On Mon, Mar 7, 2016 at 4:16 PM, Kees Cook <keescook@xxxxxxxxxxxx> wrote:
> On Mon, Mar 7, 2016 at 5:00 AM, Christian Borntraeger
> <borntraeger@xxxxxxxxxx> wrote:
>> On 02/17/2016 11:41 PM, Kees Cook wrote:
>>> One of the easiest ways to protect the kernel from attack is to reduce
>>> the internal attack surface exposed when a "write" flaw is available. By
>>> making as much of the kernel read-only as possible, we reduce the
>>> attack surface.
>>>
>>> Many things are written to only during __init, and never changed
>>> again. These cannot be made "const" since the compiler will do the wrong
>>> thing (we do actually need to write to them). Instead, move these items
>>> into a memory region that will be made read-only during mark_rodata_ro()

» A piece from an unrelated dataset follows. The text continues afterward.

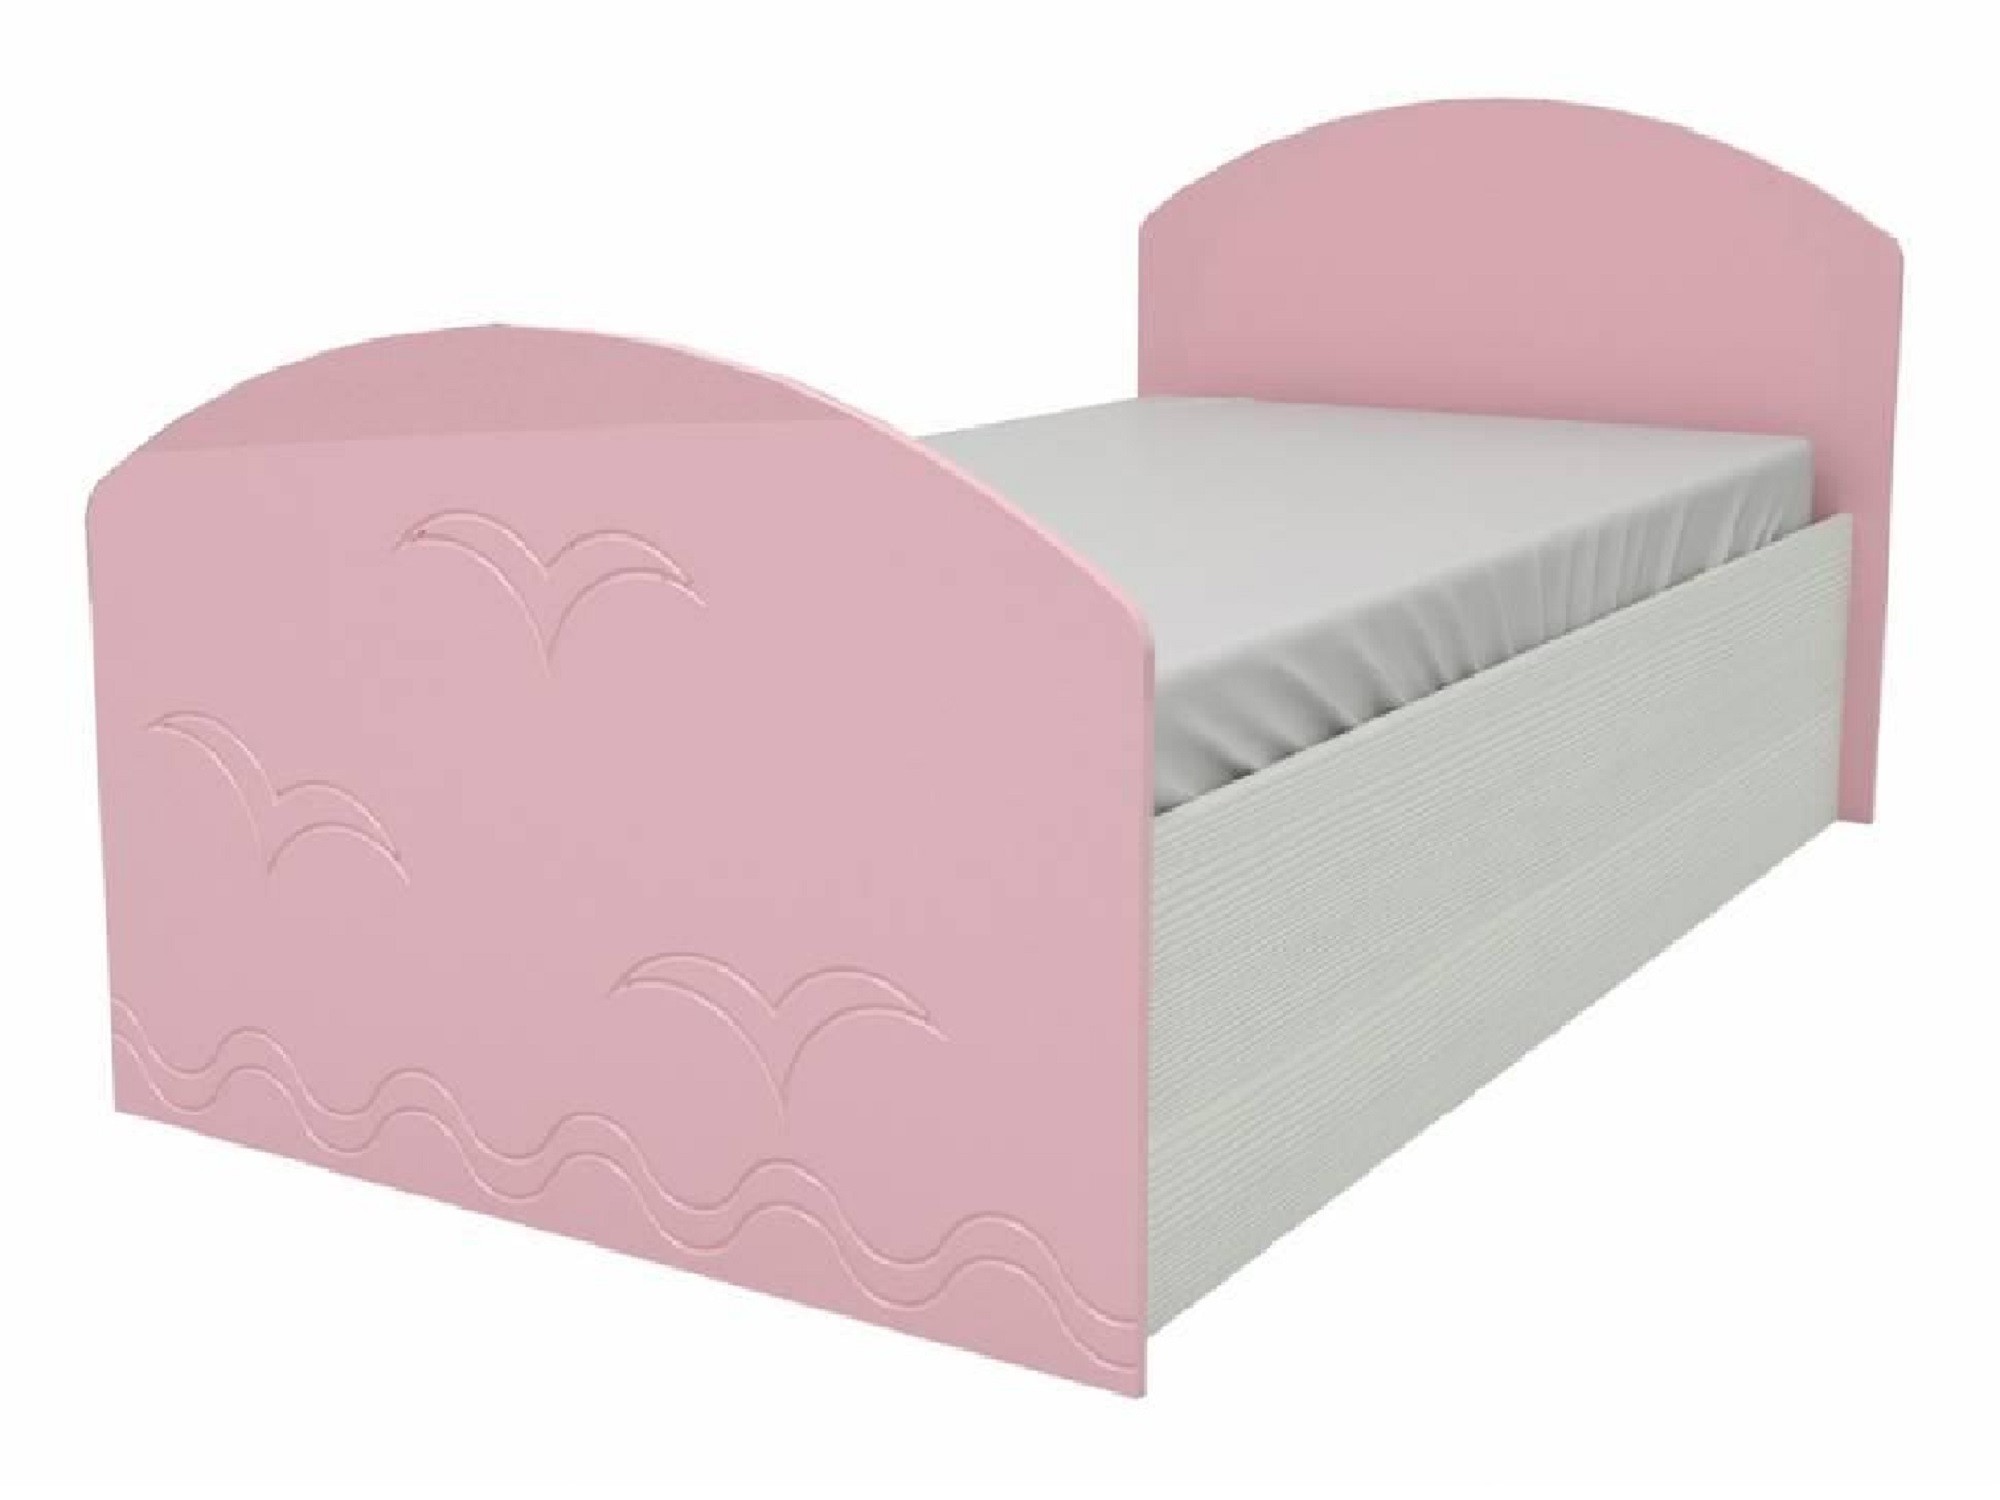 Юниор-2 Детская кровать 80, металлик (Розовый металлик, Дуб белёный) Дуб белёный, МДФ, ЛДСП детская кровать дельфин 80х200 синий металлик дуб белёный синий металлик мдф лдсп

>>> which happens after all kernel __init code has finished.
>>>
>>> This introduces __ro_after_init as a way to mark such memory, and adds
>>> some documentation about the existing __read_mostly marking.
>>>
>>> Based on work by PaX Team and Brad Spengler.
>>
>> This seems to crash in the lkdtm module on s390, if the module
>> is compiled in.
>>
>> [ 0.360571] Unable to handle kernel pointer dereference in virtual kernel address space
>> [ 0.360574] Failing address: 0000000000996000 TEID: 0000000000996407
>> [ 0.360575] Fault in home space mode while using kernel ASCE.

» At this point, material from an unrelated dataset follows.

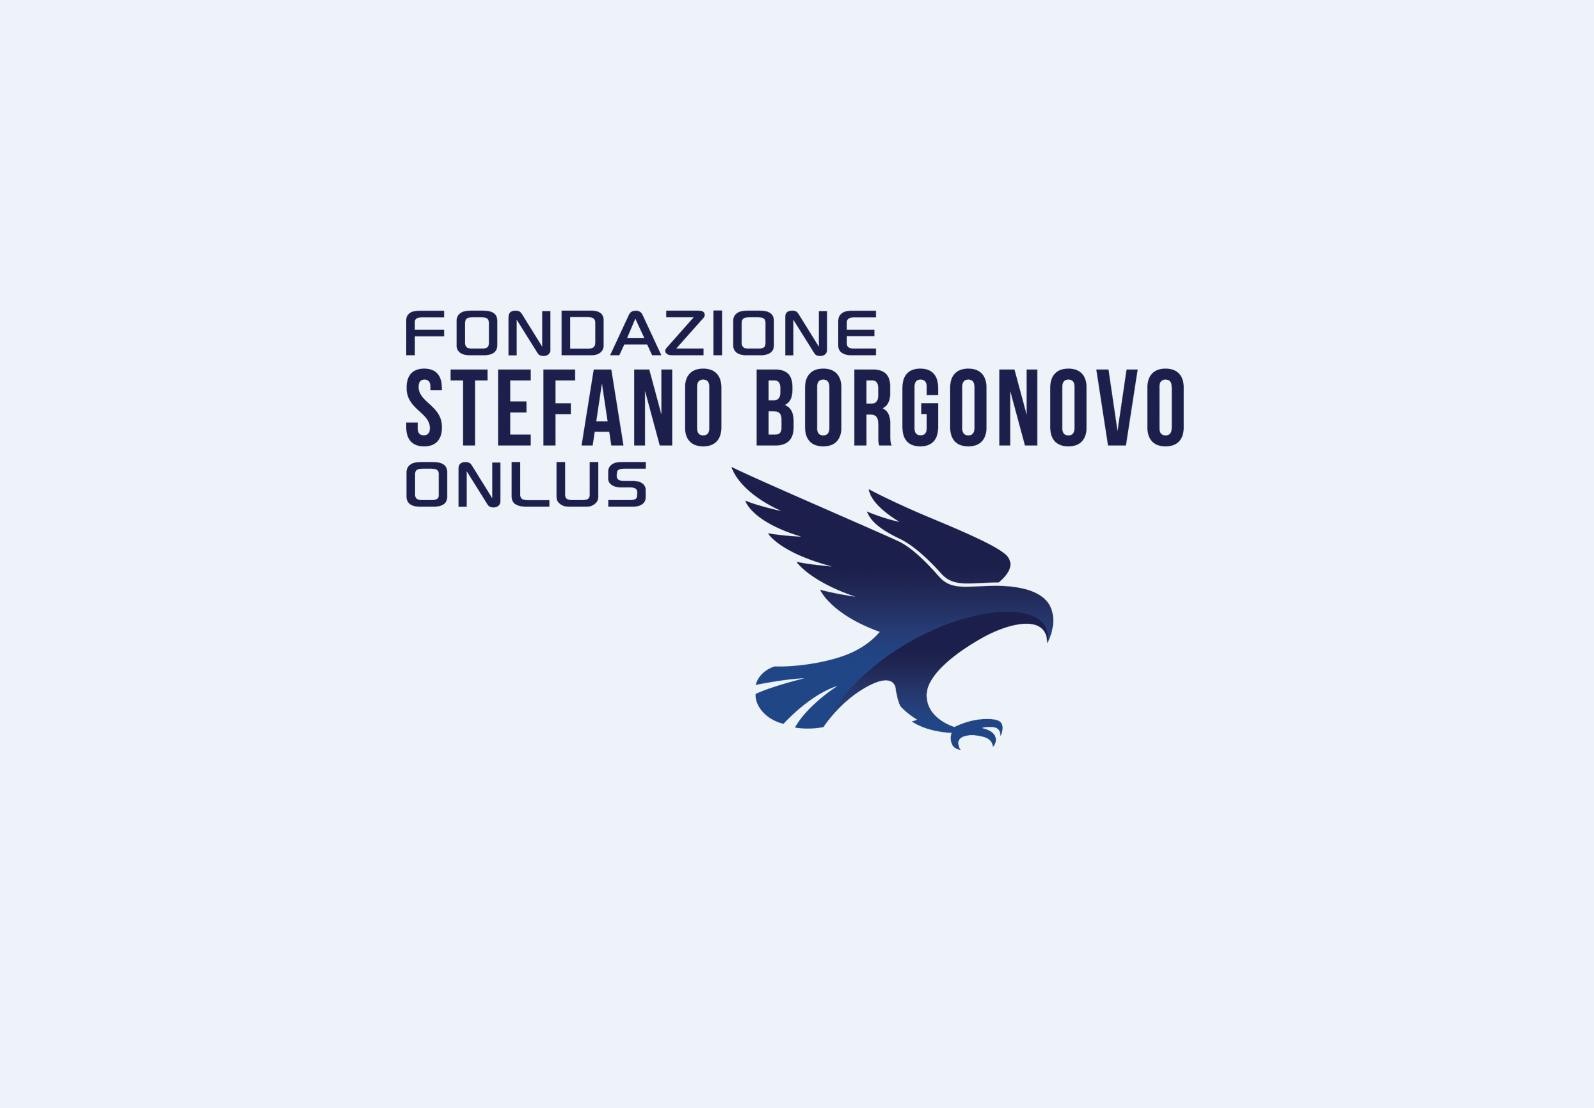 Fondazione Stefano Borgonovo

>> [ 0.360577] AS:0000000000cac007 R3:000000003ffd1007 S:0000000000901600
>> [ 0.360665] Oops: 0004 ilc:3 [#1] SMP
>> [ 0.360668] Modules linked in:
>> [ 0.360674] CPU: 0 PID: 1 Comm: swapper/0 Not tainted 4.5.0-rc6-next-20160304+ #165
>> [ 0.360676] task: 000000003de40000 ti: 000000003de48000 task.ti: 000000003de48000
>> [ 0.360678] Krnl PSW : 0704d00180000000 0000000000c480e8 (lkdtm_module_init+0x28/0x278)
>> [ 0.360680] R:0 T:1 IO:1 EX:1 Key:0 M:1 W:0 P:0 AS:3 CC:1 PM:0 RI:0 EA:3
>> Krnl GPRS: ffffffffffffffee 0000000055aa55aa 00000000016503a0 00000000000004ef
>> [ 0.360682] 00000000001001ca 00000000000004f0 0000000000c93370 0000000000000000
>> [ 0.360683] 0000000000c57008 000000000000006a 0000000000000002 0000000000000000
>> [ 0.360685] 0000000000c480c0 0000000001650380 000000003de4bd88 000000003de4bd28
>> [ 0.360698] Krnl Code: 0000000000c480d8: a51b00aa oill %r1,170
>> 0000000000c480dc: e3f0ffa0ff71 lay %r15,-96(%r15)

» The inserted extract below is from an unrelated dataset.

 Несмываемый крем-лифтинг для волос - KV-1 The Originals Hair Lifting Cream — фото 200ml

>> #0000000000c480e2: e3e0f0980024 stg %r14,152(%r15)
>> >0000000000c480e8: c41bffea76c8 stgrl %r1,996e78
>> 0000000000c480ee: c020ffe95e5c larl %r2,973da6
>> 0000000000c480f4: a7390000 lghi %r3,0
>> 0000000000c480f8: c0d0ffdee974 larl %r13,8253e0
>> 0000000000c480fe: a7c90009 lghi %r12,9
>> [ 0.360710] Call Trace:
>> [ 0.360713] ([<000000003de4be28>] 0x3de4be28)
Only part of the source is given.